Das Märtyrertum erreicht Chinas Bevölkerung nicht

■ Die chinesische KP-Führung sortiert die Demokratiebewegung nach dem Besuch von US-Präsident Clinton. Die einen Dissidenten werden verhaftet, die anderen still empfangen

Peking (taz) – Die Washington Post sprach von einer „kühnen Herausforderung“, die Süddeutsche Zeitung gar von einem „historischen Wagnis“, als ein Dutzend chinesischer Dissidenten während des China-Besuchs von US-Präsident Clinton den Versuch wagten, in China eine Partei zu gründen. Wie schon früher bei offener politischer Opposition griffen die Häscher des kommunistischen Regimes auch nach Clintons Abreise zu: Elf Gründer der „Chinesischen Demokratischen Partei“ (CDP) wurden festgenommen. Zwar wurden sechs kurz darauf wieder freigelassen, doch den fünf anderen droht nun der Prozeß und eine Verurteilung zur berüchtigten „Umerziehung im Arbeitslager“. Entsprechend laut sind die Proteste von Dissidenten sowie von westlichen Medien und Regierungen.

Die Ereignisse erneuern den Streit um die Strategie der Opposition. Erst am Montag bedankte sich der ehemalige Mitarbeiter des nach der Studentenrevolte 1989 geschaßten KP-Generalsekretärs Zhao Ziyang, der in den USA lebende Chen Yizi, für das wohlwollende Verhalten der chinesischen Behörden. Sie hatten ihm unlängst die Reise nach China zur Beerdigung seiner Mutter gestattet. „Die Rehabilitation der Bewegung vom 4. Juni (Tag des Tiananmen-Massakers 1989, d.Red.) ist nur eine Frage der Zeit“, sagte Chen anschließend. Das Problem sei vielmehr, eine Lösung herbeizuführen, ohne neue Feindseligkeiten entstehen zu lassen.
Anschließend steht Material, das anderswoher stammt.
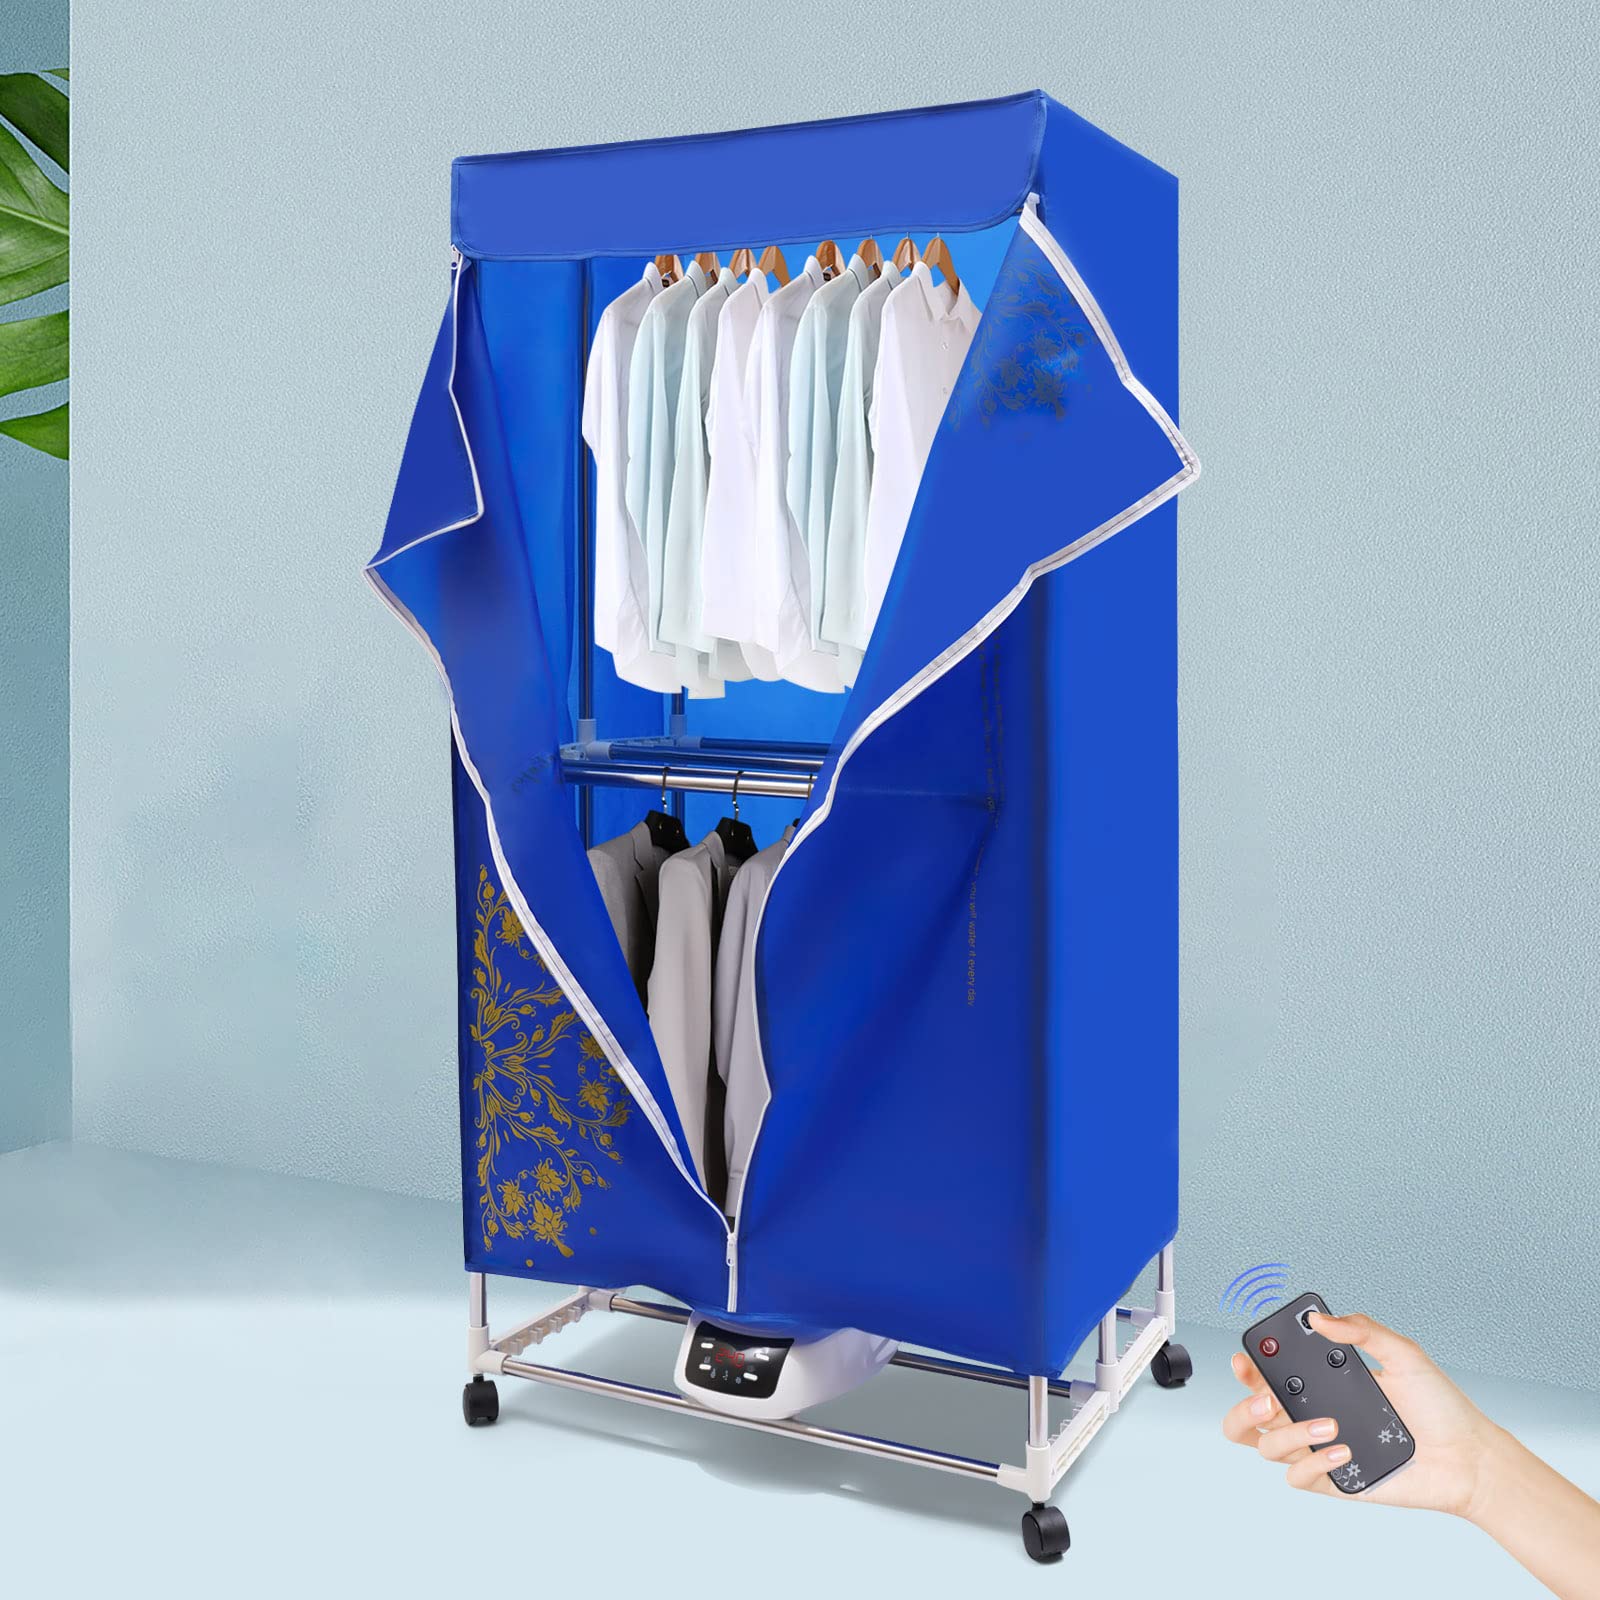 Clothes Dryer Portable Travel Dryer Machine, Portable Dryer For Apartments, New Generation Electric Clothes Drying Machine, Folding Remote Control Dryer for Home Using, 27.55in*19.68in*4.92ft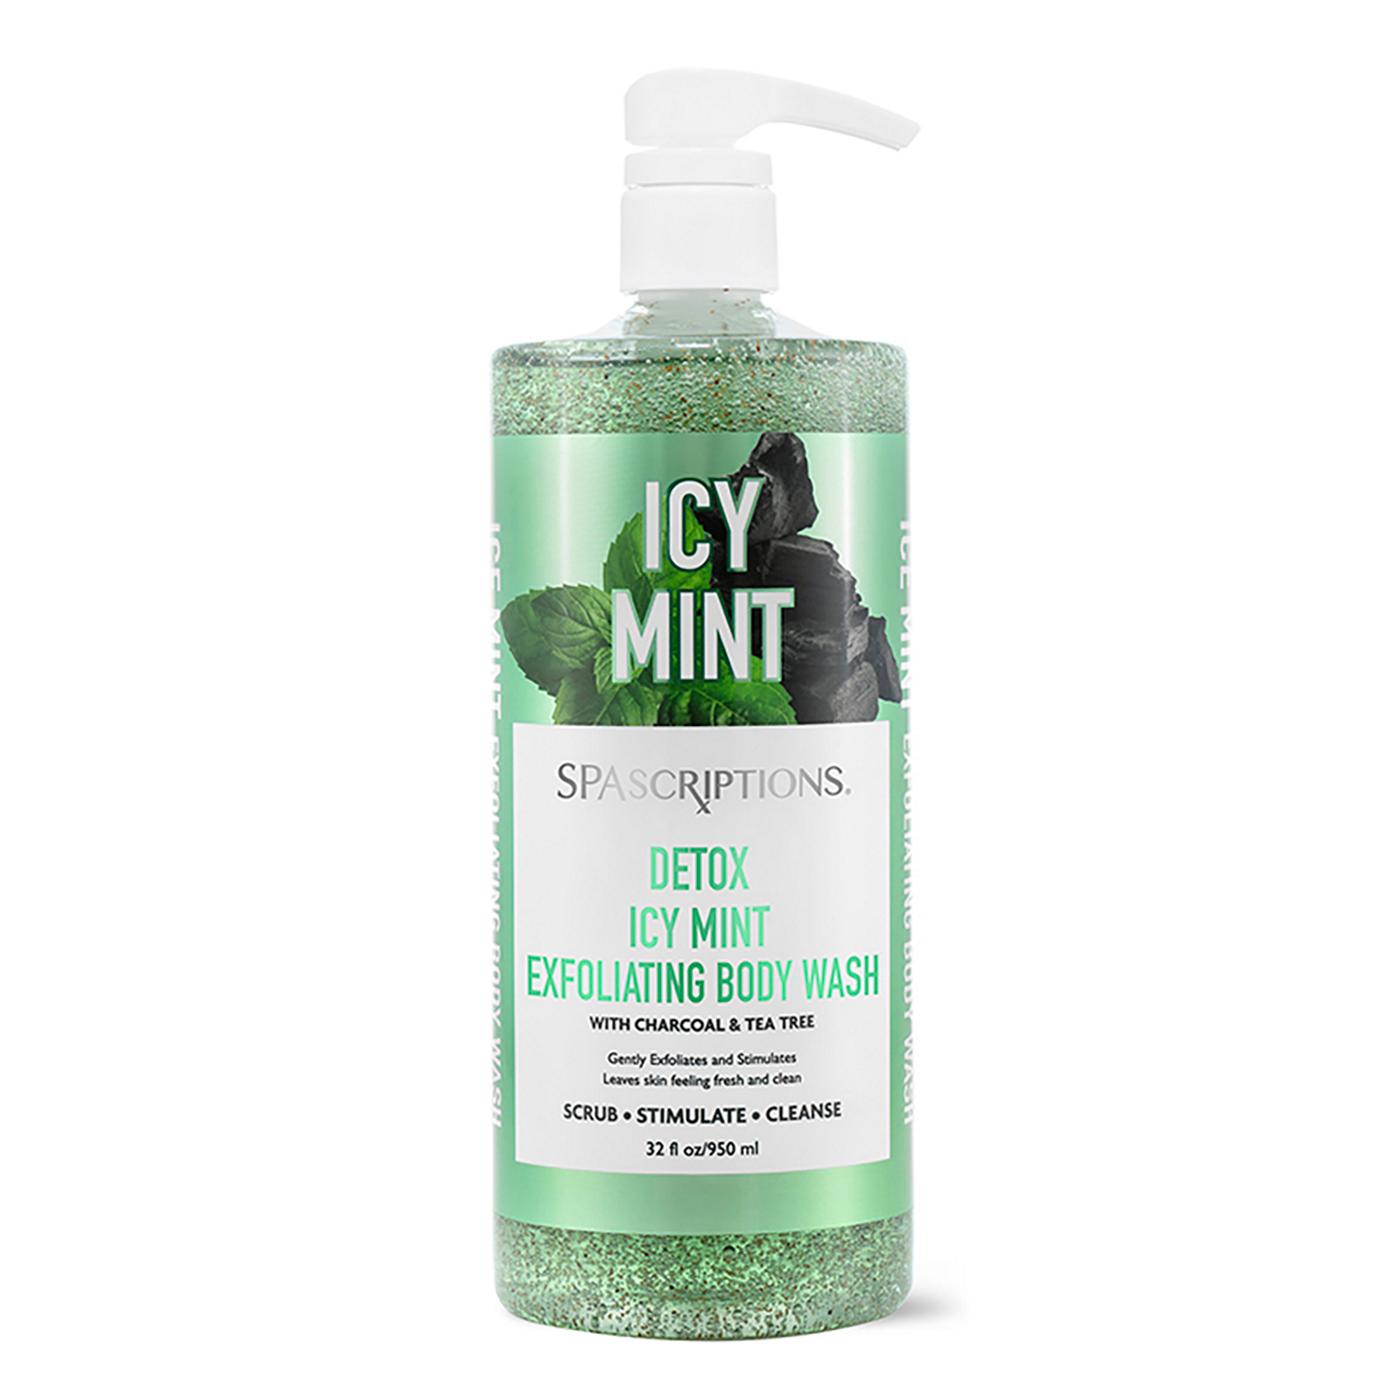 SpaScriptions Detox Exfoliating Body Wash -  Icy Mint; image 1 of 3

Chen, der 1989 zu den meistgesuchten Teilnehmern der Proteste zählte und seither seine KP-Kritik nicht zurückgenommen hat, vertritt heute gleichwohl eine ganz andere Strategie als die Parteigründer der CDP. Letzteren ging es darum, die Unrechtsnatur des Pekinger Regimes nach dem auch im Westen gefeierten Clinton-Besuch erneut unter Beweis zu stellen. Sie erzielten damit die erhofften Reaktionen westlicher Medien und Regierungen. Von denen hatten einige im Eifer der erfolgreichen Clinton- Tour schon vorschnell angenommen, die Kommunisten in Peking hätten sich grundsätzlich geändert. Allerdings wirken Aktionen wie die Parteigründung, die im Westen für Schlagzeilen sorgen, kaum nach China hinein. Der radikalen Demokratiebewegung fehlt im Land jegliche Basis, die für eine nennenswerte Verbreitung ihrer Ideen und Proteste sorgen könnte. Genau das kritisieren Oppositionelle wie Chen Yizi, die noch immer auf einen Dialog mit den Kommunisten hoffen oder zumindest meinen, die Mehrheit ihrer Mitbürger nicht durch offene Konfrontation zum Regime erreichen zu können.

Der Streit trennt auch die beiden bekanntesten chinesischen Exil-Dissidenten: Wei Jingsheng, der nach 17 Jahren Haft im vergangenen Jahr in die USA ausreisen durfte, stellte sich zuletzt auf die Seite der Republikaner im US- Kongreß, die Clintons China-Besuch als Ausverkauf amerikanischer Grundwerte geißelten. Ganz anders der Führer der 89er Revolte Wang Dan, der nach Jahren im Gefängnis im April seine Freiheit im Exil zurückerhielt: Er unterstützt demonstrativ Clinton, weil er die demokratische Überzeugungskraft eines US-Präsidenten auf Chinas Bevölkerung höher einschätzt als die eigene.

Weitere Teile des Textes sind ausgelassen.